The main challenge now lies in the development of products that are compliant with Shariah law, while at the same time offering treasurers as competitive and effective an option as non-Islamic options. There is a lot of debate over what products are and are not compliant, which depend on the advice being given by key Islamic scholars. This has led to a mixed and differing range of products, which has put off some investors.

One example that highlights this better than any other is the overdraft. The importance and effectiveness of an overdraft to any business needs no explanation. However, there is a differing opinion amongst scholars on the acceptance of a product which serves as a universal equivalent of an overdraft facility. Islamic finance does not yet offer a universally accepted product.

Shariah law prohibits gambling or betting, among other forbidden activities. This will, of course, impact upon the type of financial products and instruments available and the type of customer who may take up such products.

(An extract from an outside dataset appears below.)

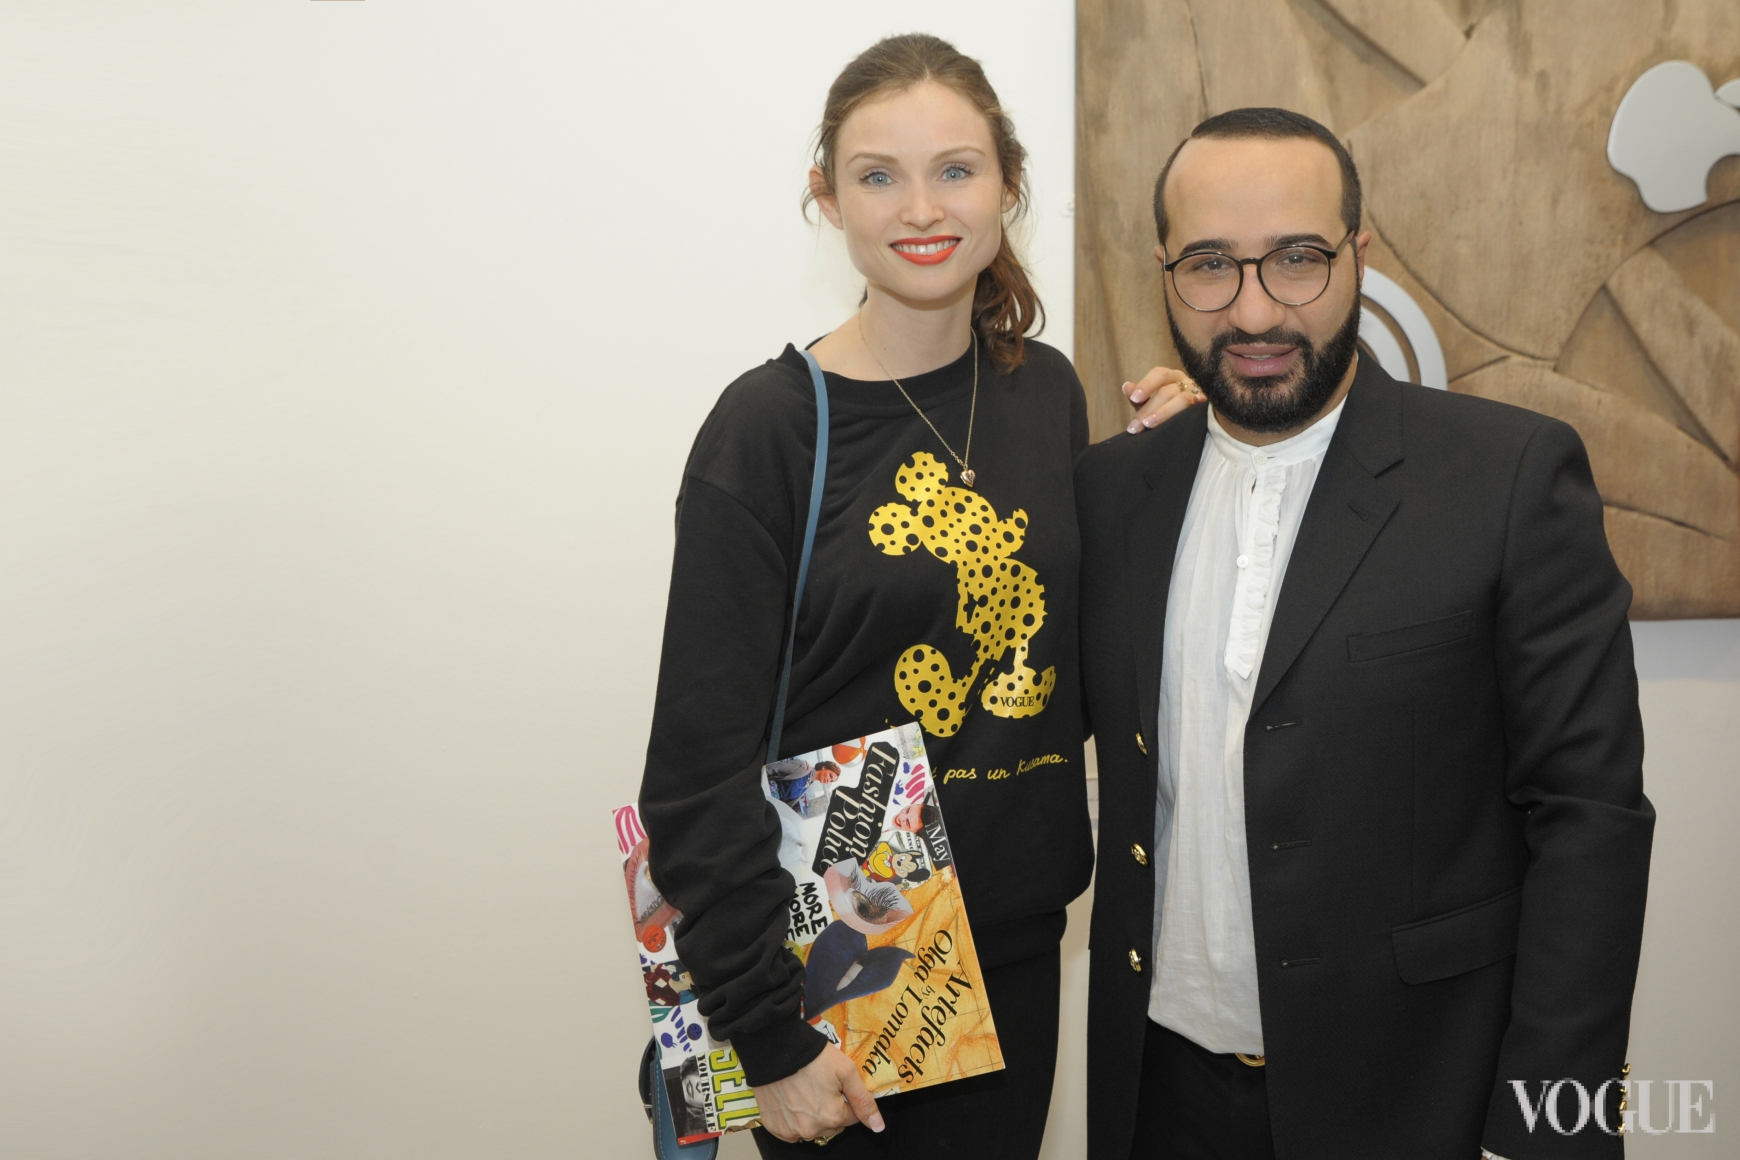 Софи Эллис-Бекстор и Дмитрий Чограши

There is a distinct lack of a liquid local currency derivative market across the Middle East. Corporates do not have anywhere near as many options in this part of the world. With so many currencies here pegged to the dollar there has not been a great need for such a market. Should more currencies (or a unified currency) de-peg from the dollar, then top quality products would have to be developed very quickly in order to deal with exchange rate and interest rate volatility.

Conclusion

What conclusions can we draw after this brief look at the issues facing corporate treasurers in the Middle East? It is clear that the systems and products available in the Middle East are not quite at a level to match those available elsewhere in established financial markets. The banking infrastructure in the Middle East is still playing catch up against the infrastructure found in other financial centres. Great strides have been made over the past two years in terms of reforming payment and clearing systems, but there is still work to be done to keep up with the high pace of change at other financial centres. Significantly, while those established markets are currently contemplating recession, the Middle East is buoyant.

Recent history shows the ability of Middle Eastern economies to grow and adapt rapidly. It is therefore easy to imagine the financial markets of the Middle East catching up with the rest in the not too distant future. With establishment of a unified GCC currency, short-term uncertainty looks likely to give way to longer-term stability and prosperity.

Treasury departments and boards must follow the lead of GCC countries and recognise the importance of knowledge investment and management if they are to flourish in a similar way.